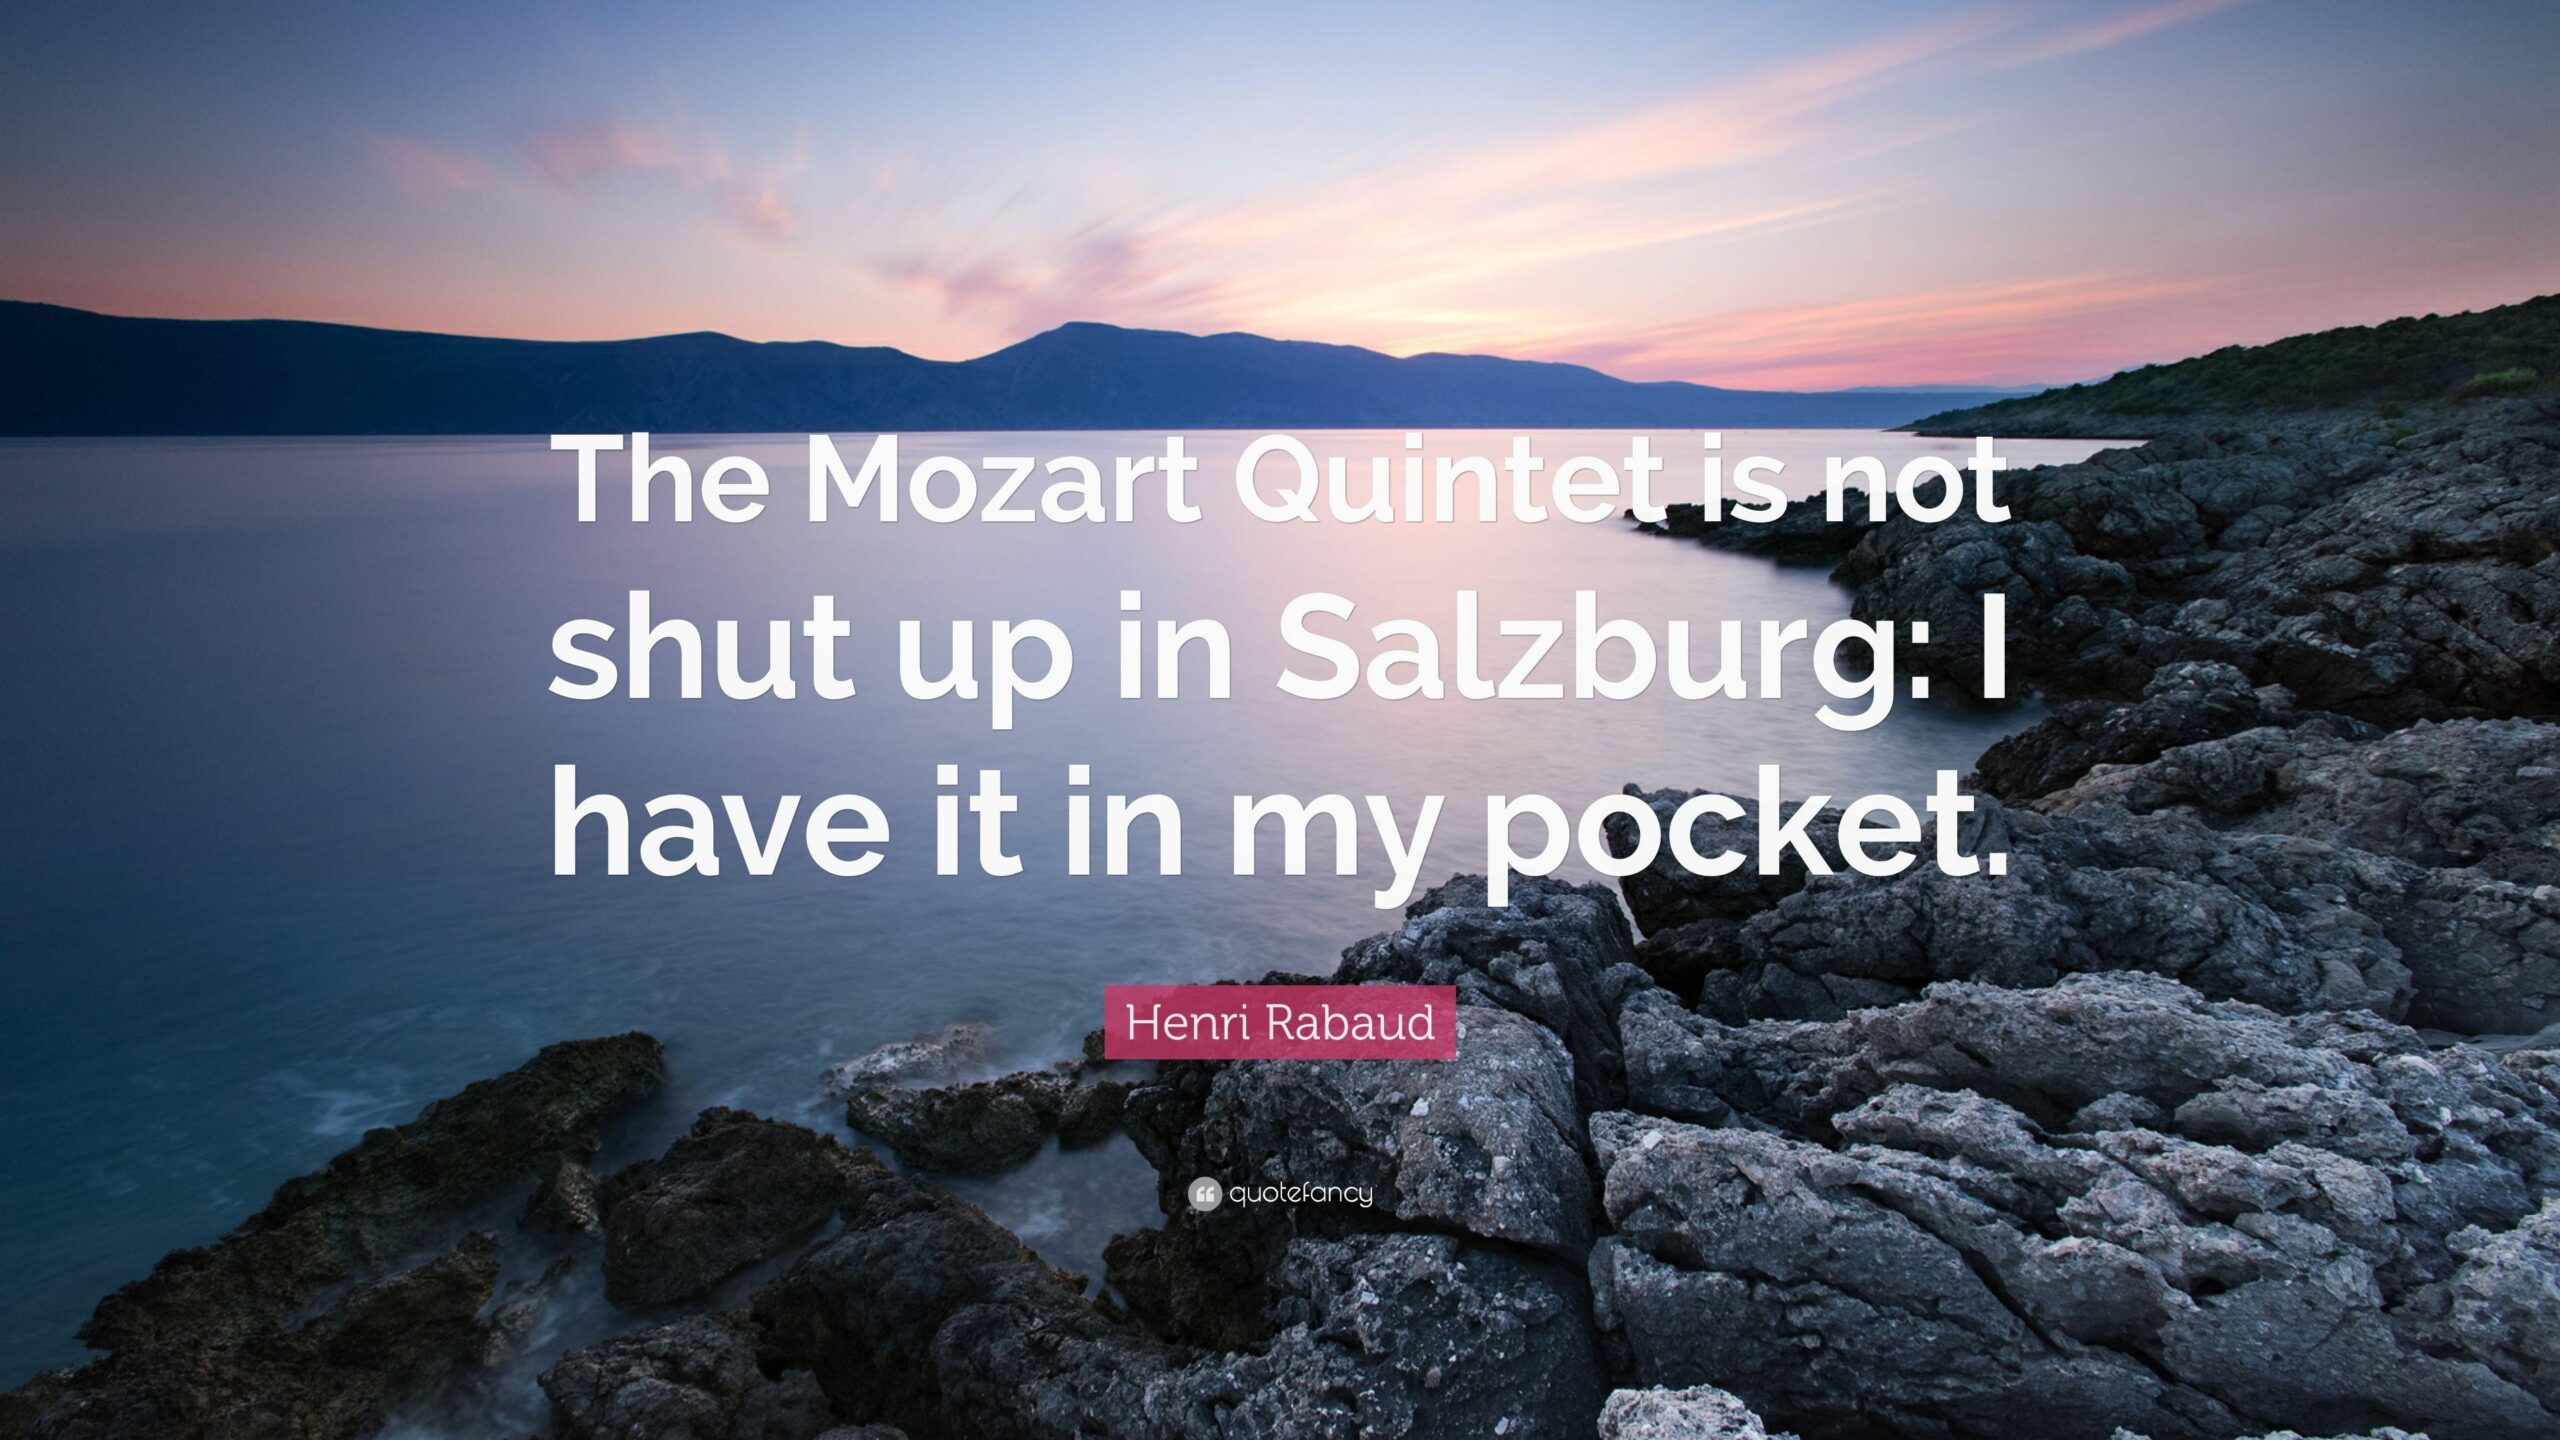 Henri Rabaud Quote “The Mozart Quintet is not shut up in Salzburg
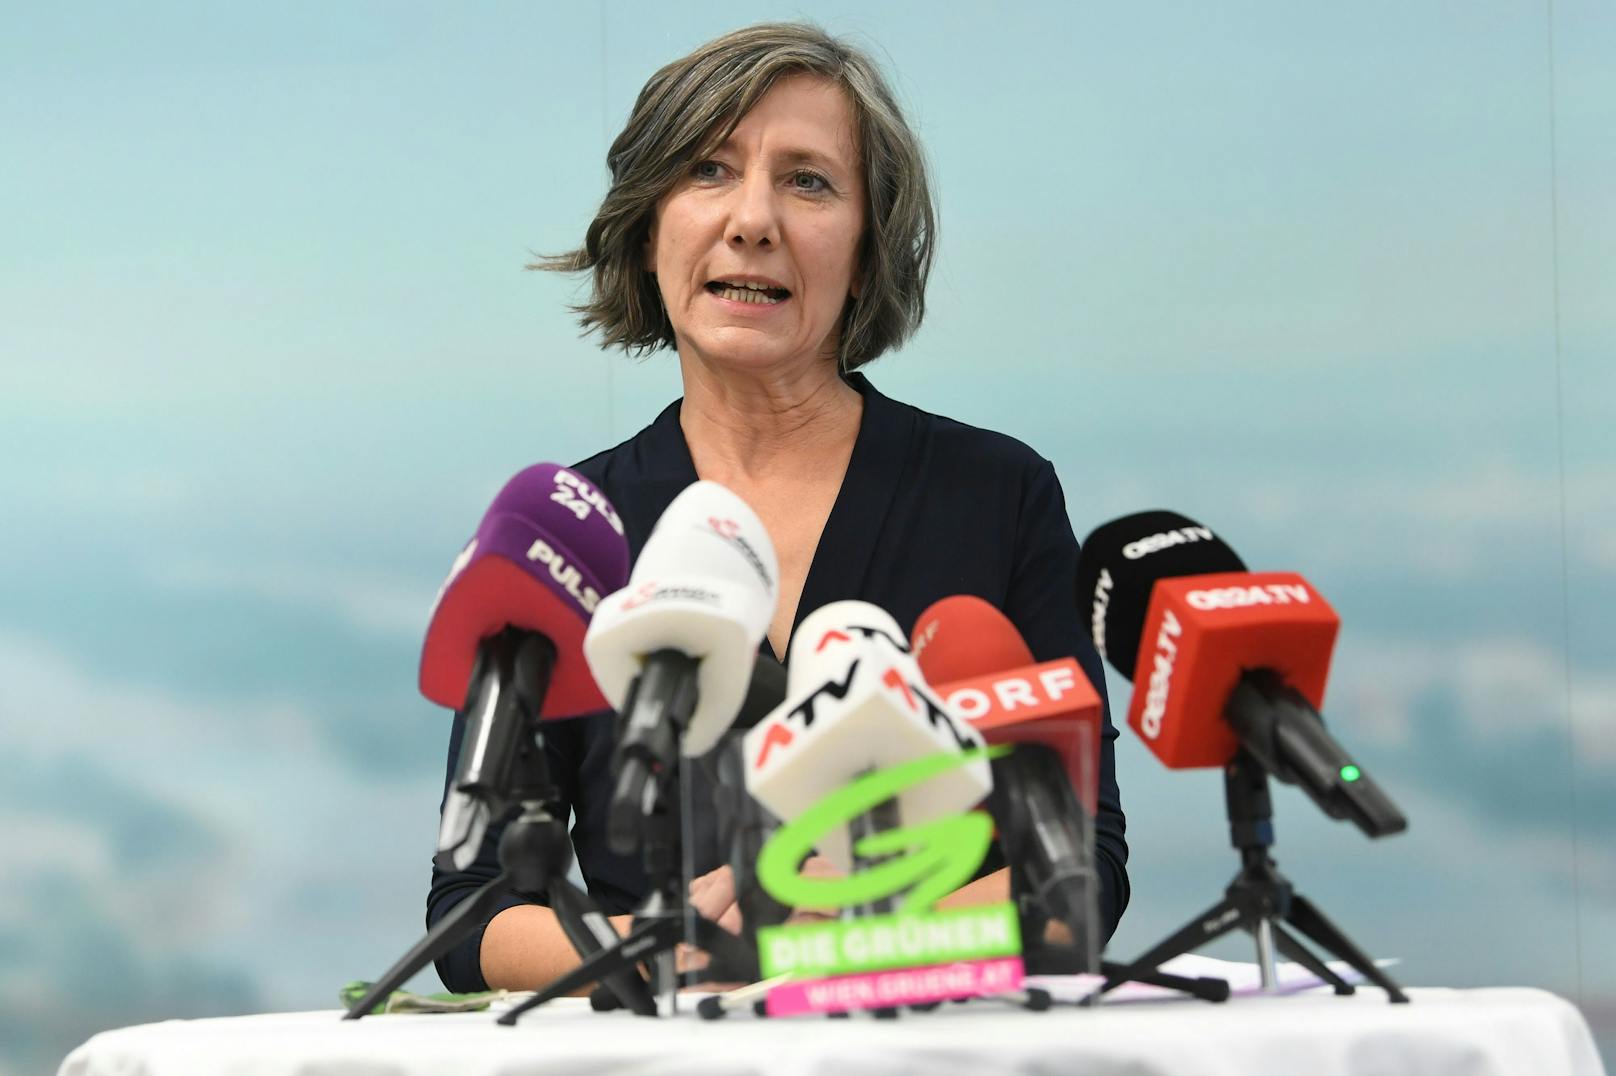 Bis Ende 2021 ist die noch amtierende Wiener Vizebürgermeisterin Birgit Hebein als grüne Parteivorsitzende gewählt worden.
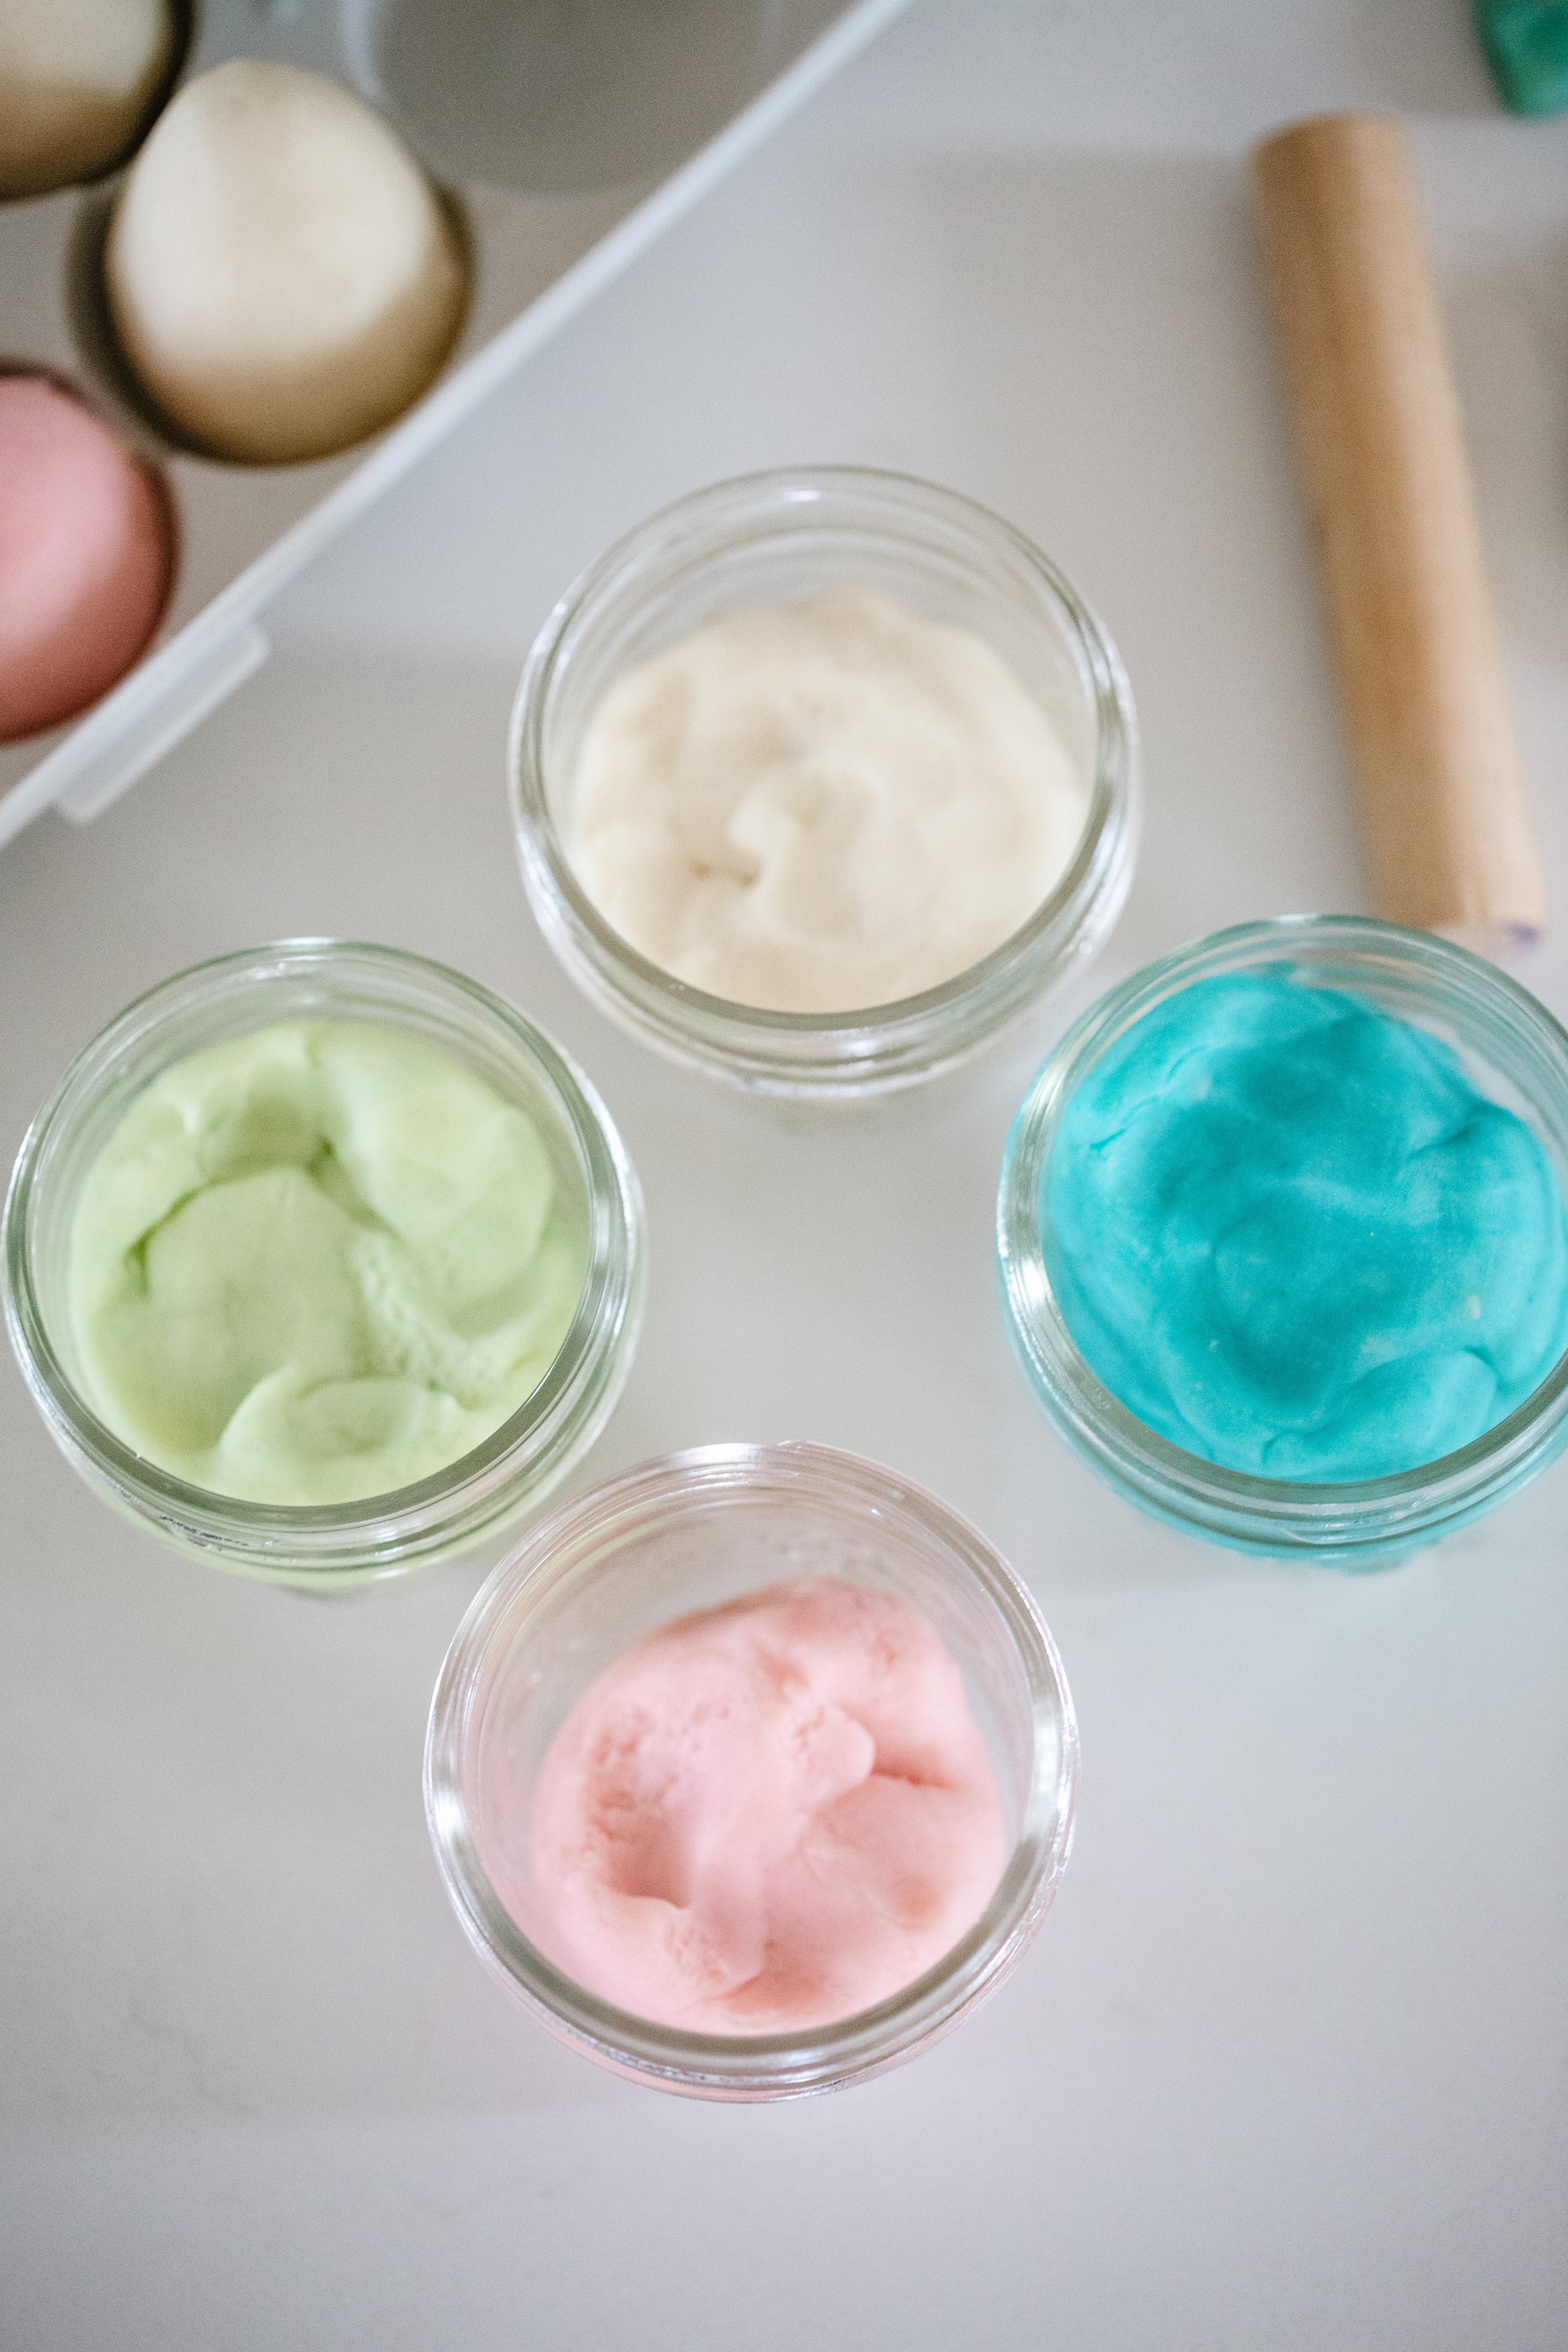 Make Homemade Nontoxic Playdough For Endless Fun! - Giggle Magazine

> [What you will do]:
Only the lines from the one containing "Bis Ende 2021" through the last line of the material are to be restated word for word; no picture is to be included.

> [Task result]:
 Bis Ende 2021 ist die noch amtierende Wiener Vizebürgermeisterin Birgit Hebein als grüne Parteivorsitzende gewählt worden.
 Make Homemade Nontoxic Playdough For Endless Fun! - Giggle Magazine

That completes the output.